• Instructions to follow: All of the data, except its images, should be set down exactly as it appears.

• Information supplied:
........

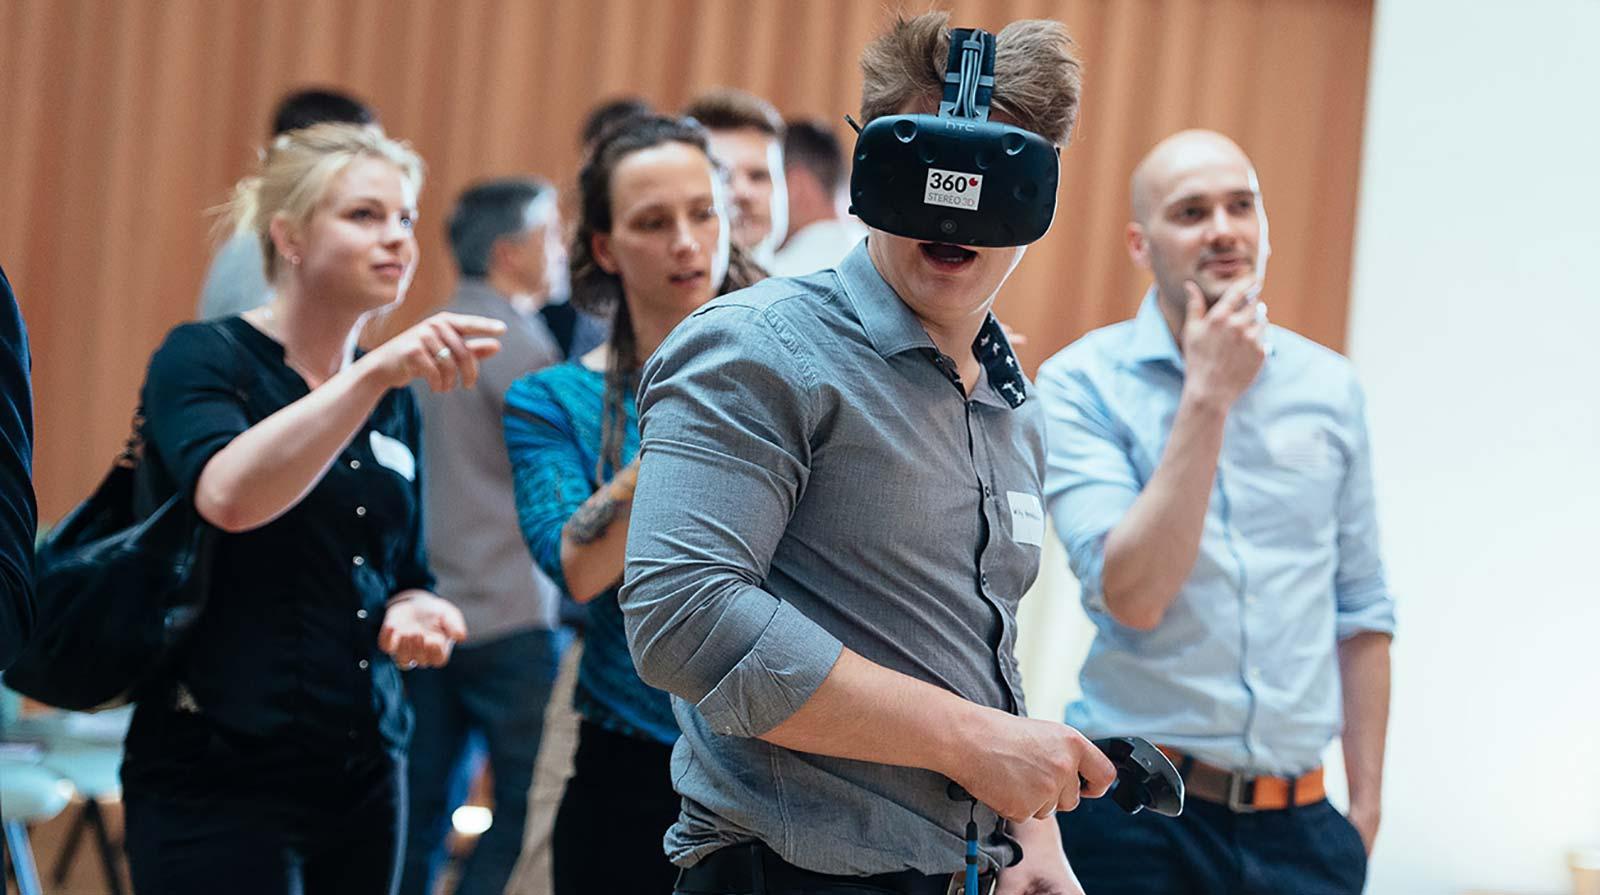 360stereo3d-virtuelle-realitaet-vr-conference-2017
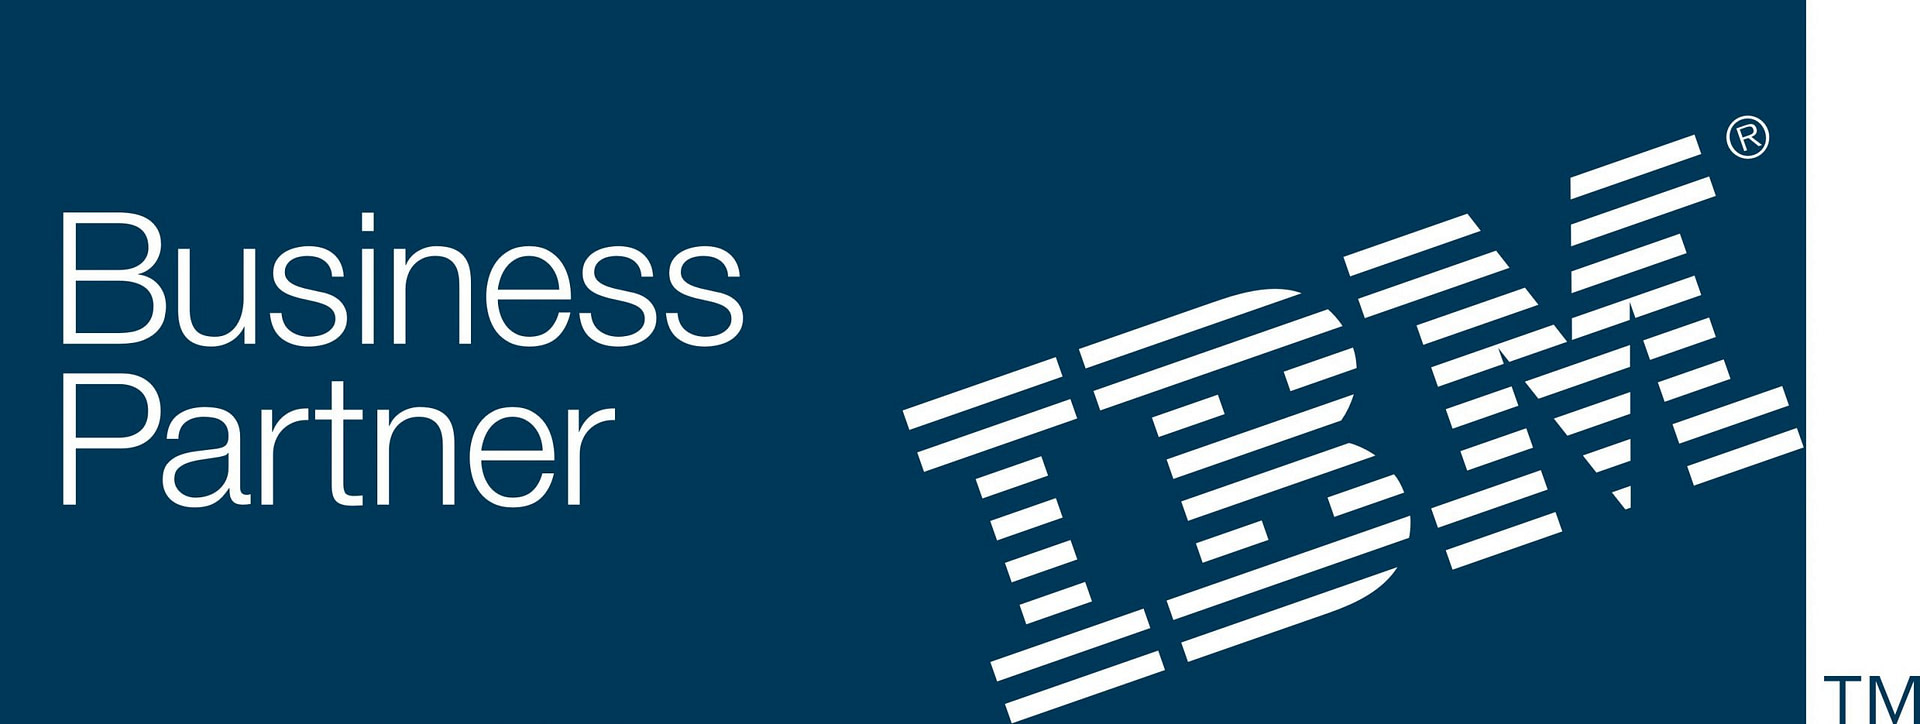 InterForm is IBM business partner output management
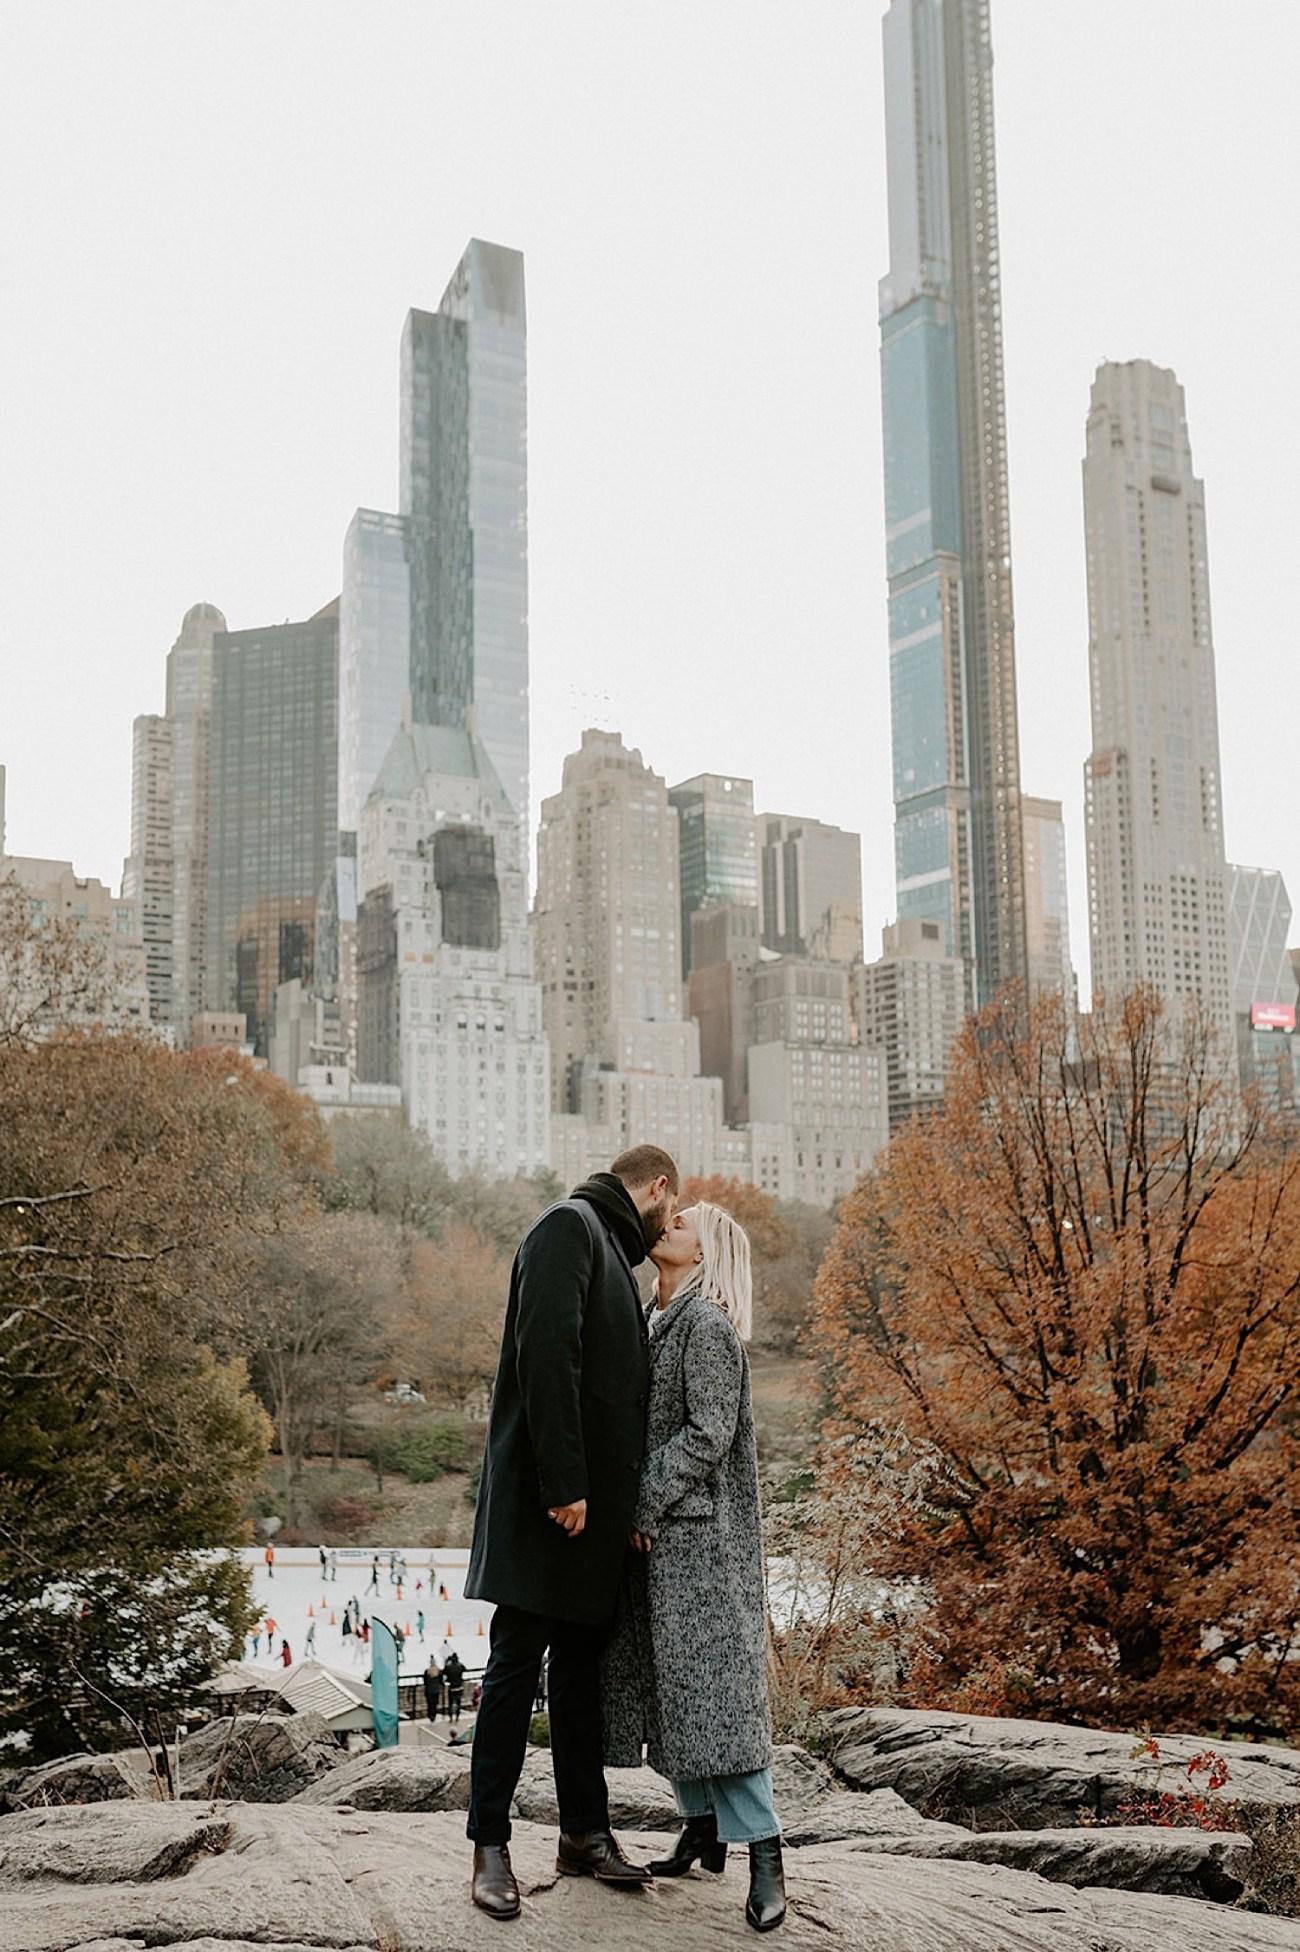 095 Central Park Enagement Photos Bethesda Terrace Engagement Photos New York Wedding Photographer

........

• Exercise response:
 360stereo3d-virtuelle-realitaet-vr-conference-2017
 InterForm is IBM business partner output management
 095 Central Park Enagement Photos Bethesda Terrace Engagement Photos New York Wedding Photographer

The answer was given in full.